DATA
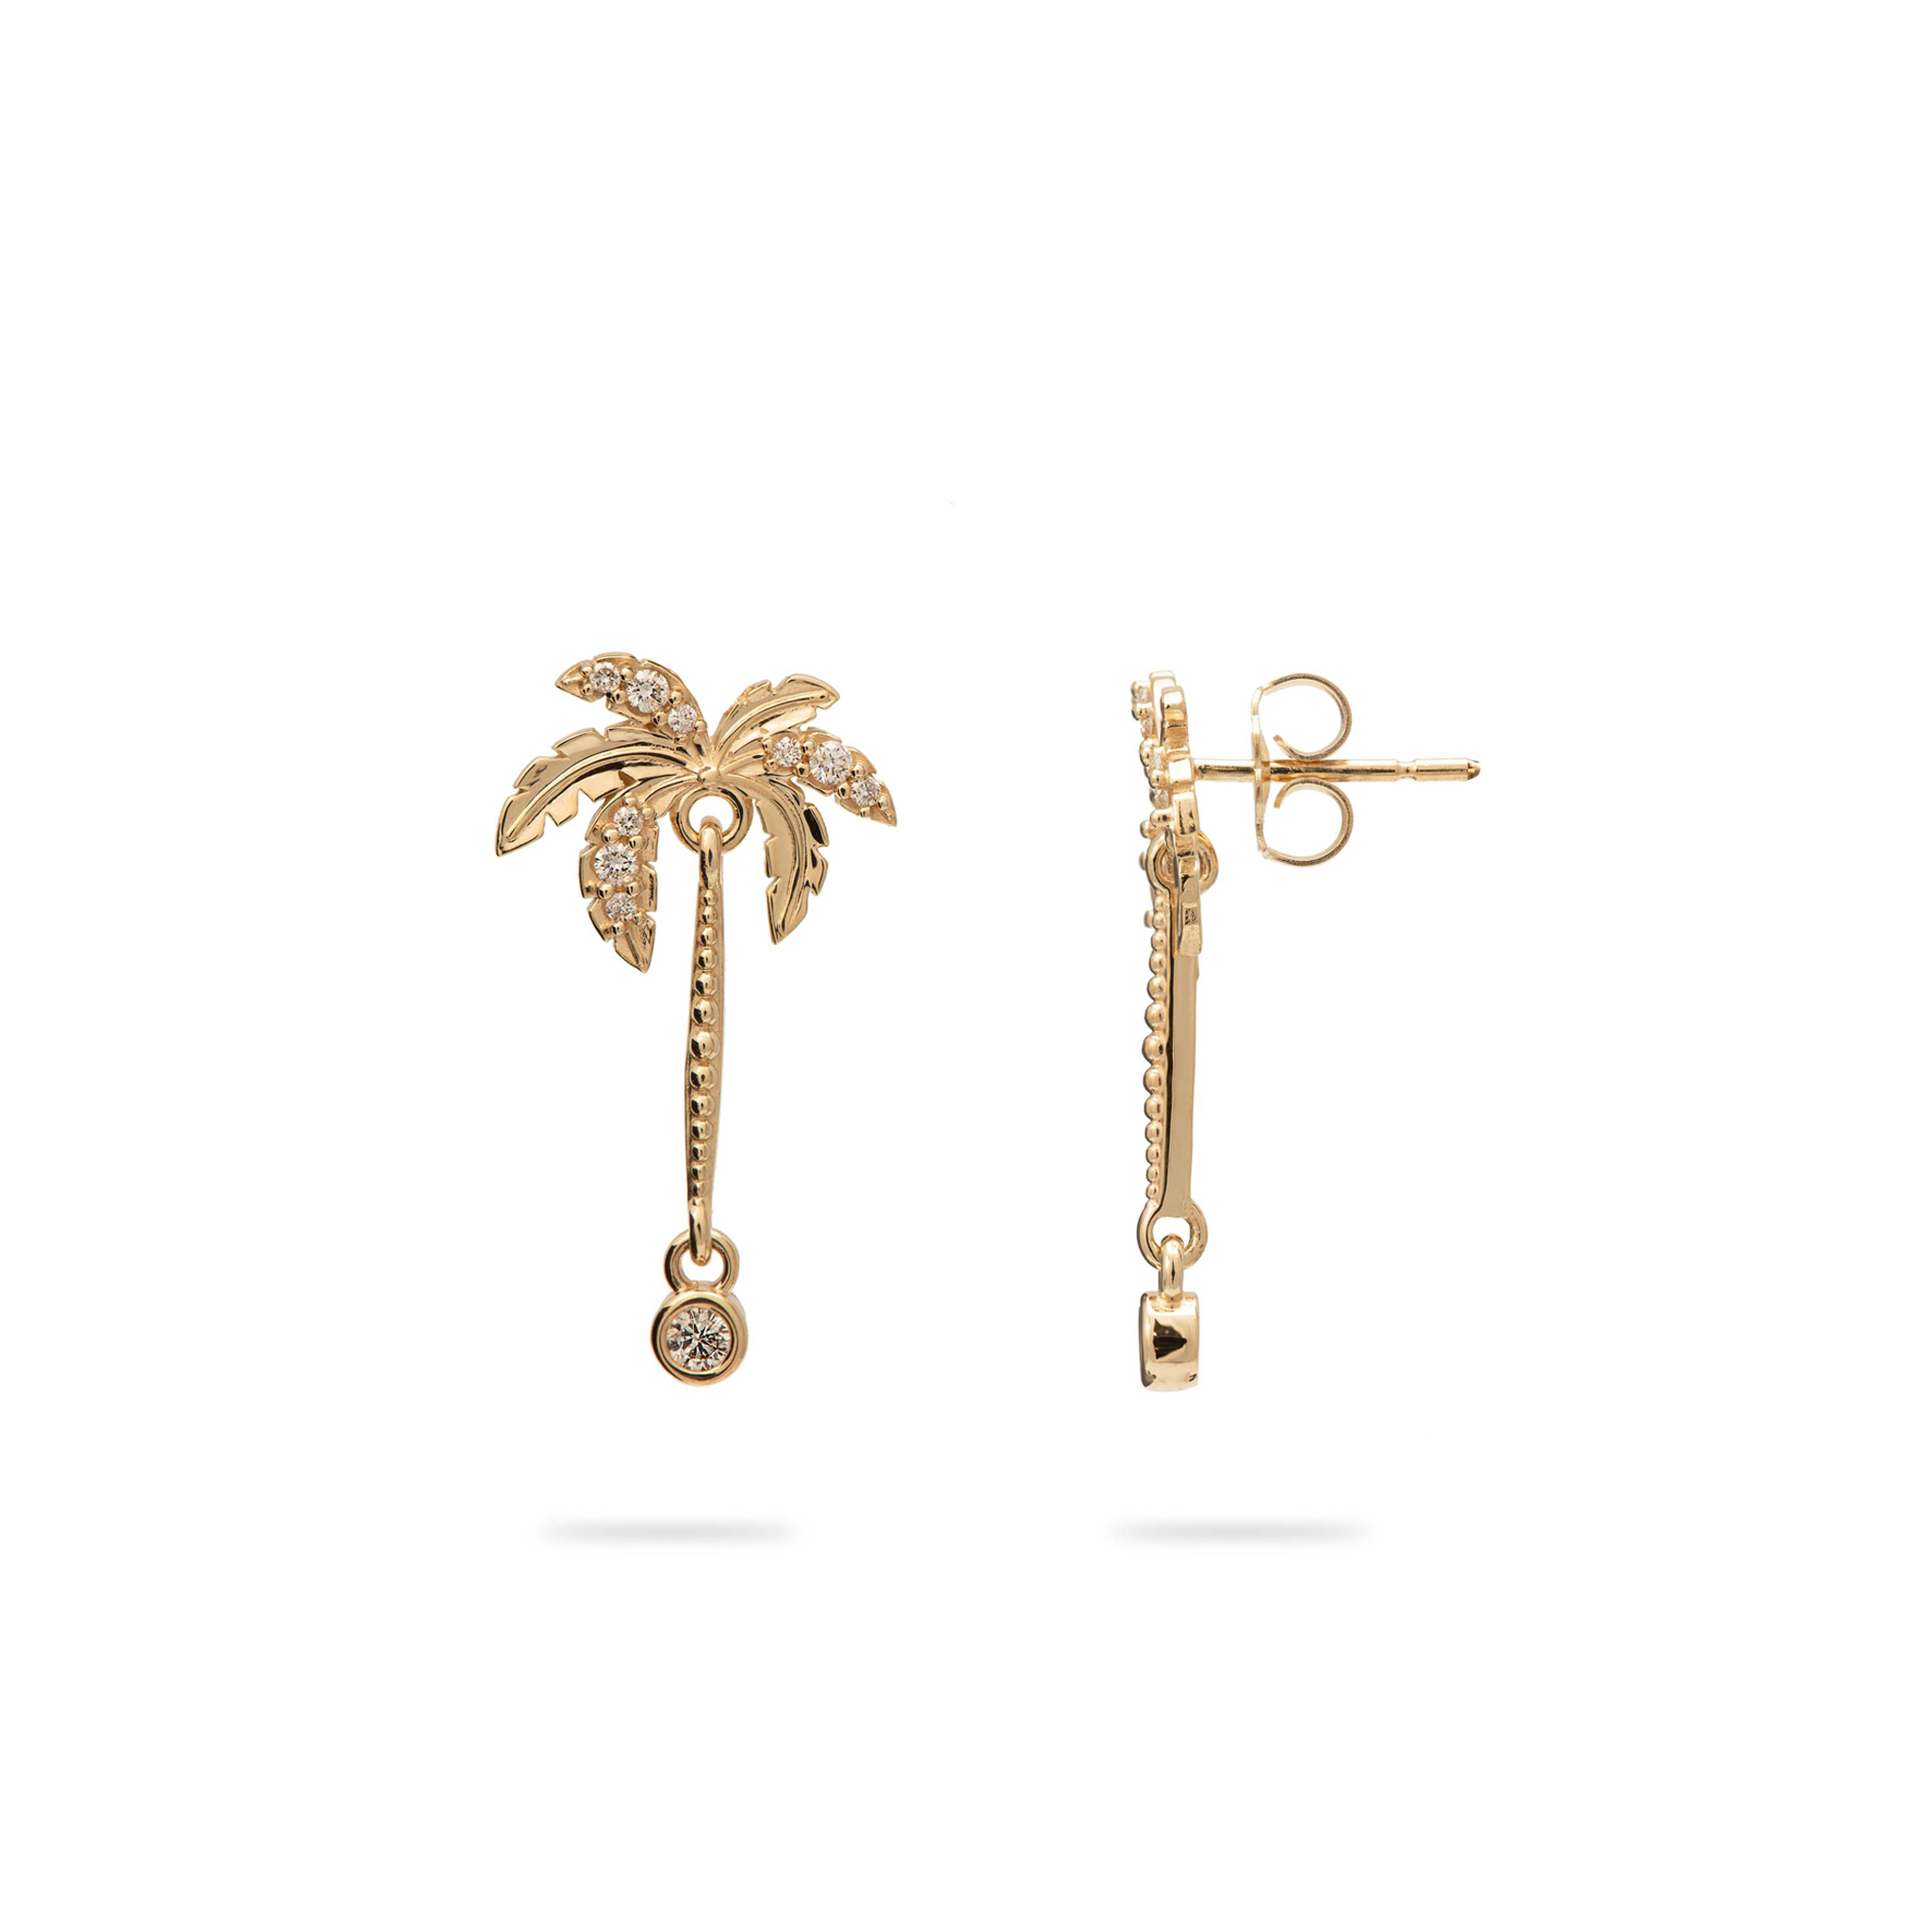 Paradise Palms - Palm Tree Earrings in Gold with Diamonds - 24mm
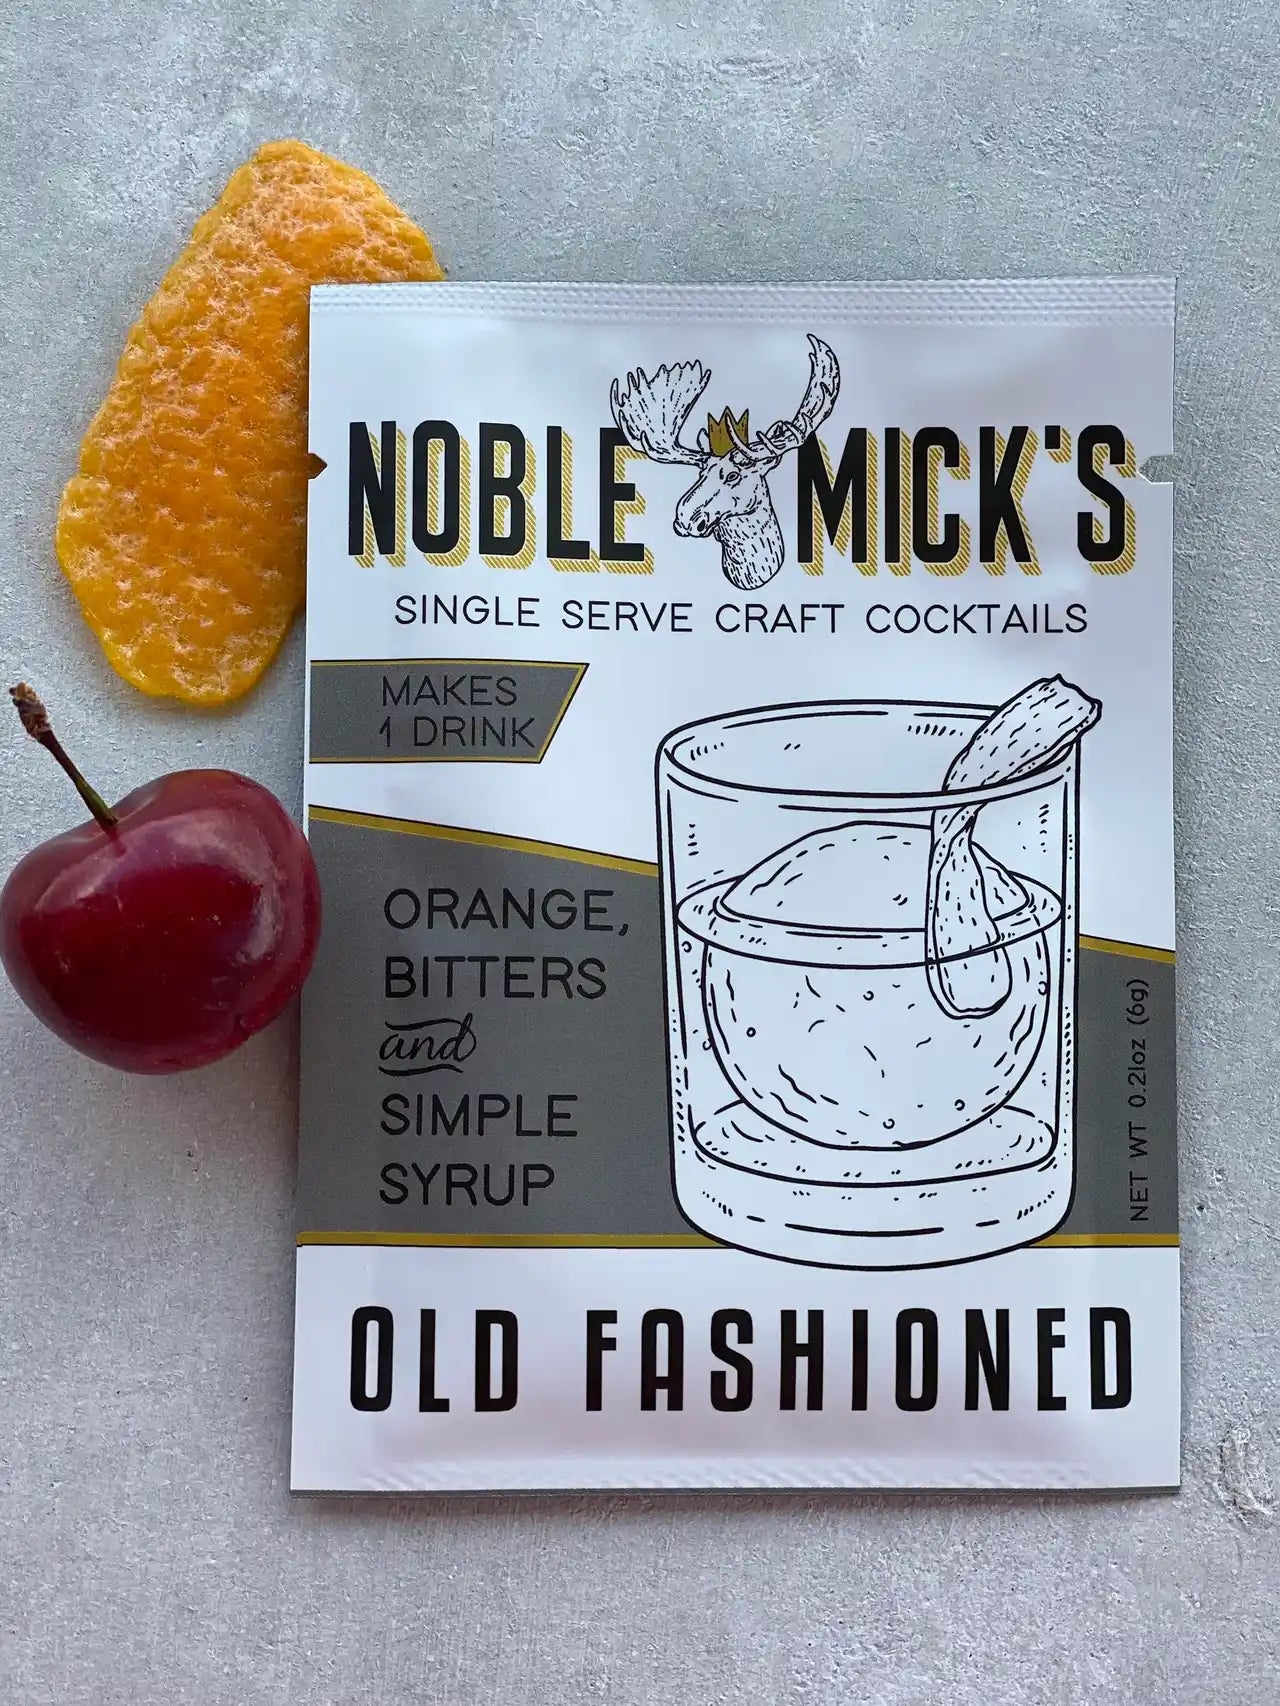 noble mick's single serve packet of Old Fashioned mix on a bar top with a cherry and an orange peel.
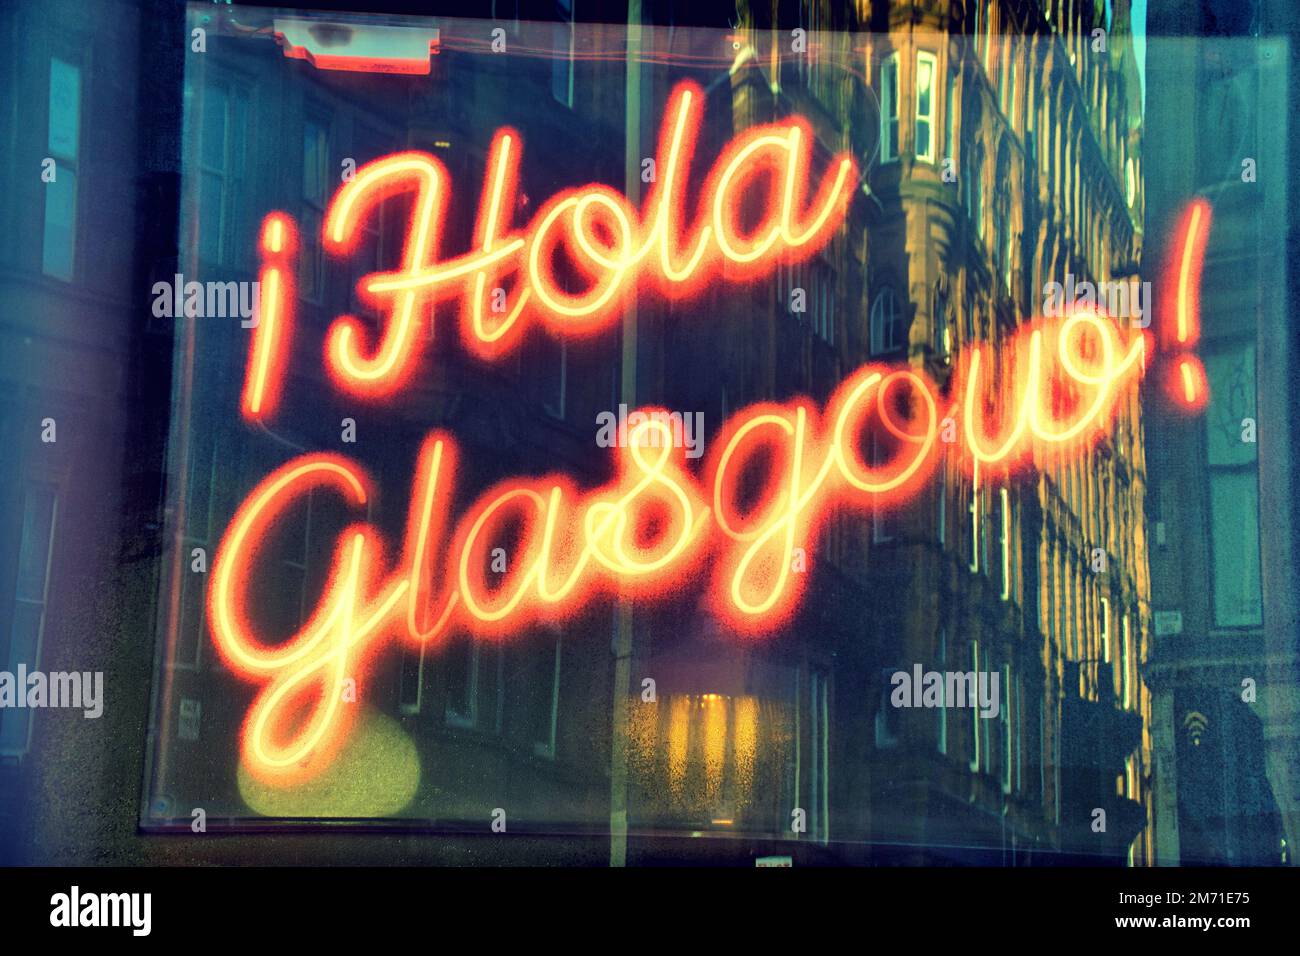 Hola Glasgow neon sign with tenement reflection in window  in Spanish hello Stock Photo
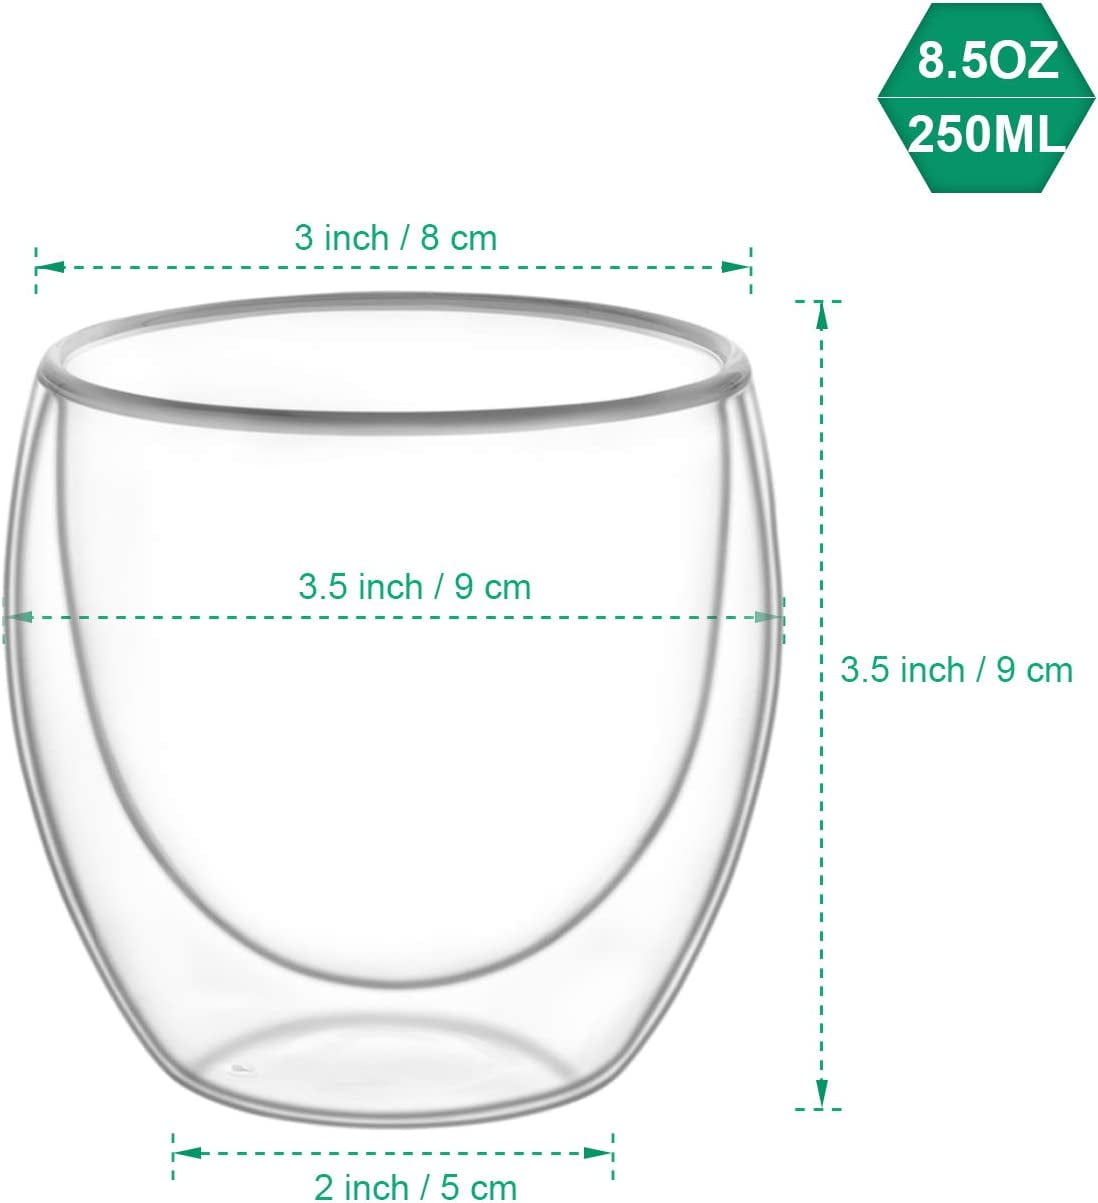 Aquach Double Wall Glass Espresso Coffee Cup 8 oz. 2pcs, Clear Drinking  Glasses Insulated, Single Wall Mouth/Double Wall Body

WHAT TO DO
Give again, word for word, every line from the top of the data through the line with "Hola Glasgow neon", both ends included, and exclude the pictures.

RESULT BELOW
 Paradise Palms - Palm Tree Earrings in Gold with Diamonds - 24mm
 noble mick's single serve packet of Old Fashioned mix on a bar top with a cherry and an orange peel.
 Hola Glasgow neon sign with tenement reflection in window  in Spanish hello Stock Photo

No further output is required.